#### [TASK STATEMENT]
Take the entries that follow and return exactly the lines from the one holding "Fuchsia-Blue Off Shoulder" through the one holding "barbour overnight bags mens", both included. Nothing else is needed.

#### [EXTRACTED DATA]
◇ ◇ ◇ ◇

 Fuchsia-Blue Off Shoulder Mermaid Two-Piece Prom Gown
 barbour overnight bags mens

◇ ◇ ◇ ◇

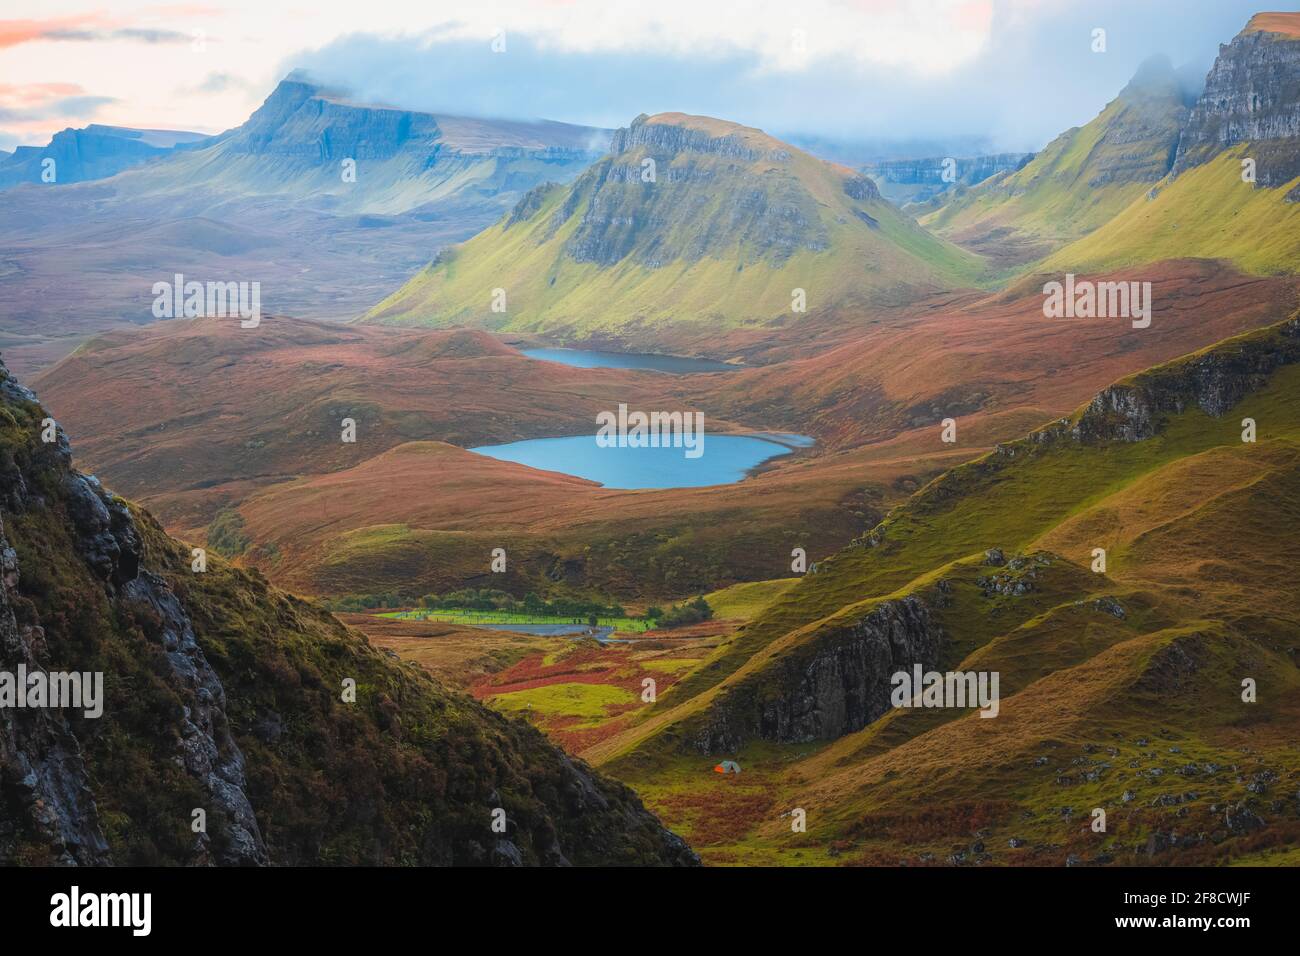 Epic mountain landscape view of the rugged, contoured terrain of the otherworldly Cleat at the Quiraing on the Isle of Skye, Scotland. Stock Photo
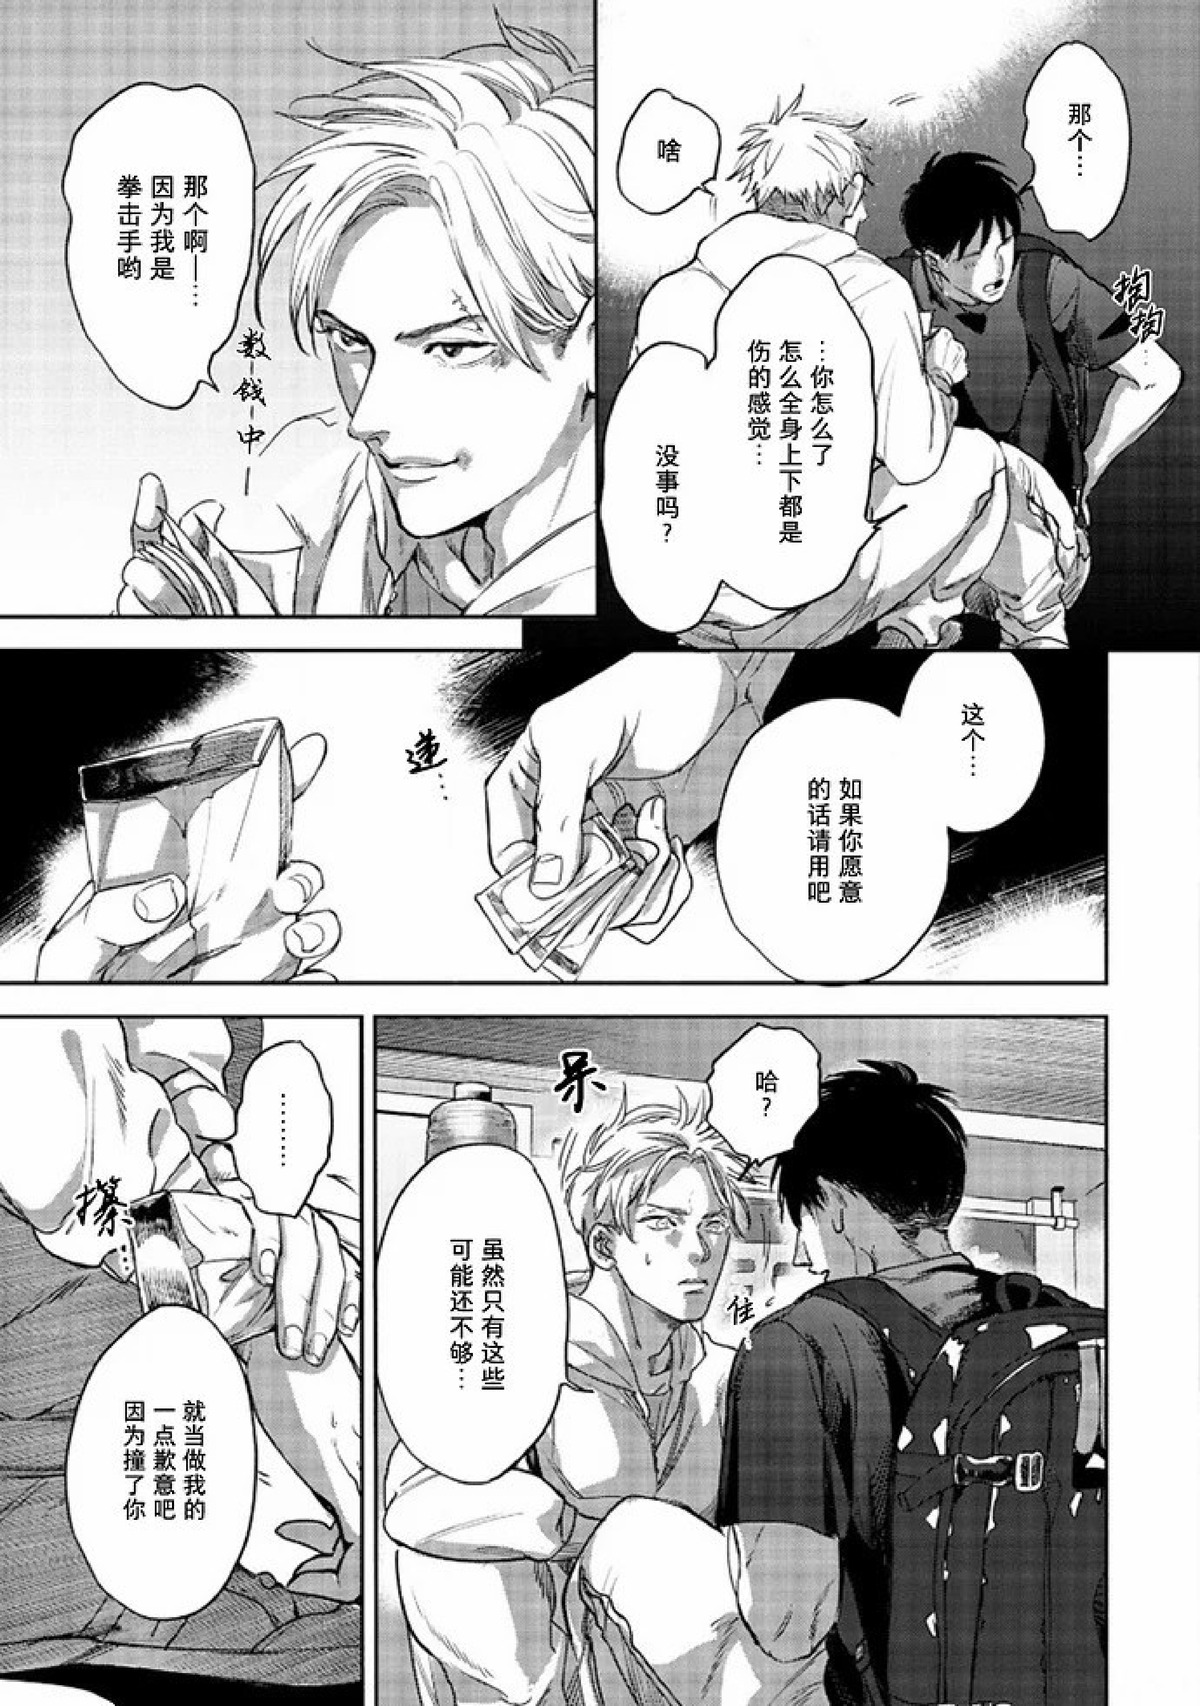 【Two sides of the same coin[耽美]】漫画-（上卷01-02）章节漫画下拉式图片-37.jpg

◇ ◇ ◇ ◇

#### [EXPECTED ANSWER]
 Fuchsia-Blue Off Shoulder Mermaid Two-Piece Prom Gown
 barbour overnight bags mens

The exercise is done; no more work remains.